Marginal PDFs for Joint PDF of X and Y

[countzander]

Homework Statement

Suppose that ∫_X,Y(x,y) = λ²e^-λ(x+y), 0 ≤ x, 0 ≤ y

Find E(X + Y)

Homework Equations

E(X + Y) = E(X) + E(Y)

The Attempt at a Solution

Since the expected vale of a sum is the sum of the expected values, I attempted to find the marginal pdfs of the joint pdf.

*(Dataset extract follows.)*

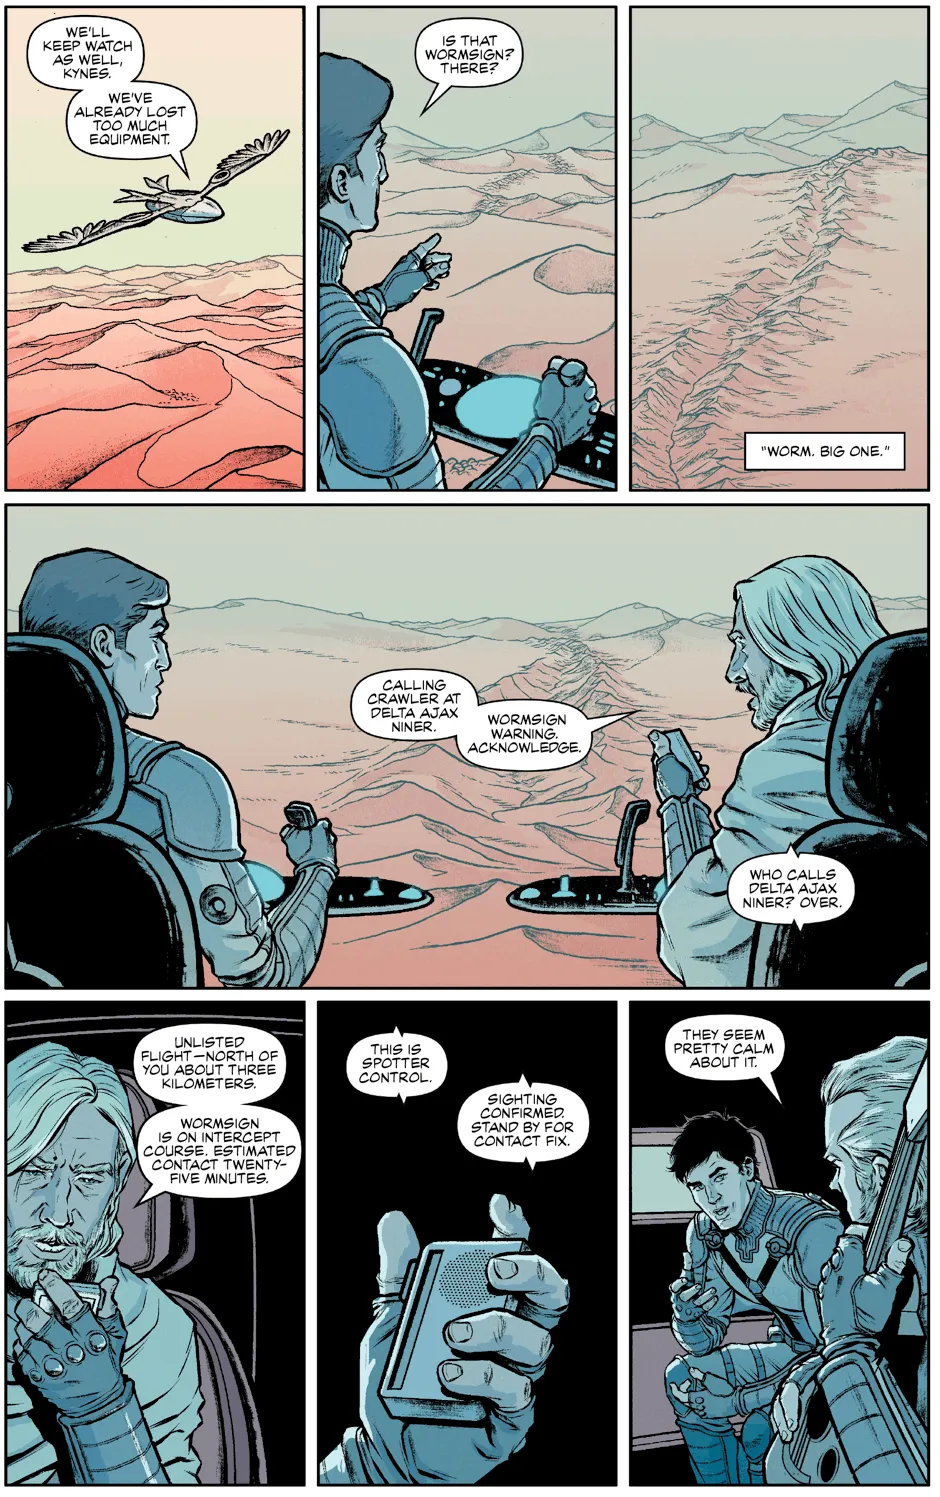 Page 79 of Dune: The Graphic Novel, adapted by Brian Herbert and Kevin J. Anderson, illustrated by Raúl Allen and Patricia Martín, published by Abrams ComicArts © 2020 Herbert Properties LLC

But when calculating the integral for the marginal probability of X, p_X(x) = ∫λ²e^-λ(x+y) dy from 0 to ∞, the result is an undefined statement, division by zero.

 

[Ray Vickson]

Homework Statement

Suppose that ∫_X,Y(x,y) = λ²e^-λ(x+y), 0 ≤ x, 0 ≤ y

Find E(X + Y)

Homework Equations

E(X + Y) = E(X) + E(Y)

The Attempt at a Solution

Since the expected vale of a sum is the sum of the expected values, I attempted to find the marginal pdfs of the joint pdf. But when calculating the integral for the marginal probability of X, p_X(x) = ∫λ²e^-λ(x+y) dy from 0 to ∞, the result is an undefined statement, division by zero.

Remember that an integral from 0 to ∞ is a limit of the integral from 0 to U as U → ∞. Just do the integral from 0 to U first, then take the limit. Do it properly, and do it carefully.

 

[countzander]

That's what I did. As I said in the original post, the limit is 0. But because the 0 appears in the denominator, the integral is undefined.

Does anyone know where the problem is?

 

[Mark44]

That's what I did. As I said in the original post, the limit is 0. But because the 0 appears in the denominator, the integral is undefined.

I don't think so. Keep in mind that e^{-λ(x + y)} = e^-λx * e^-λy, and that you are integrating with respect to y.

Also, both e^x and e^-x are positive for all real numbers x, so I think you might be confused about 0 appearing in the denominator.

 

[Ray Vickson]

That's what I did. As I said in the original post, the limit is 0. But because the 0 appears in the denominator, the integral is undefined.

Does anyone know where the problem is?

You need to show us your work, step-by-step. Otherwise, there is no way we can help you.

 

[statdad]

"Since the expected vale of a sum is the sum of the expected values, I attempted to find the marginal pdfs of the joint pdf. "

There is no need to do that.

 

[Ray Vickson]

"Since the expected vale of a sum is the sum of the expected values, I attempted to find the marginal pdfs of the joint pdf. "

There is no need to do that.

Agreed. But he ought to be ABLE to do it if he wants to pass the course.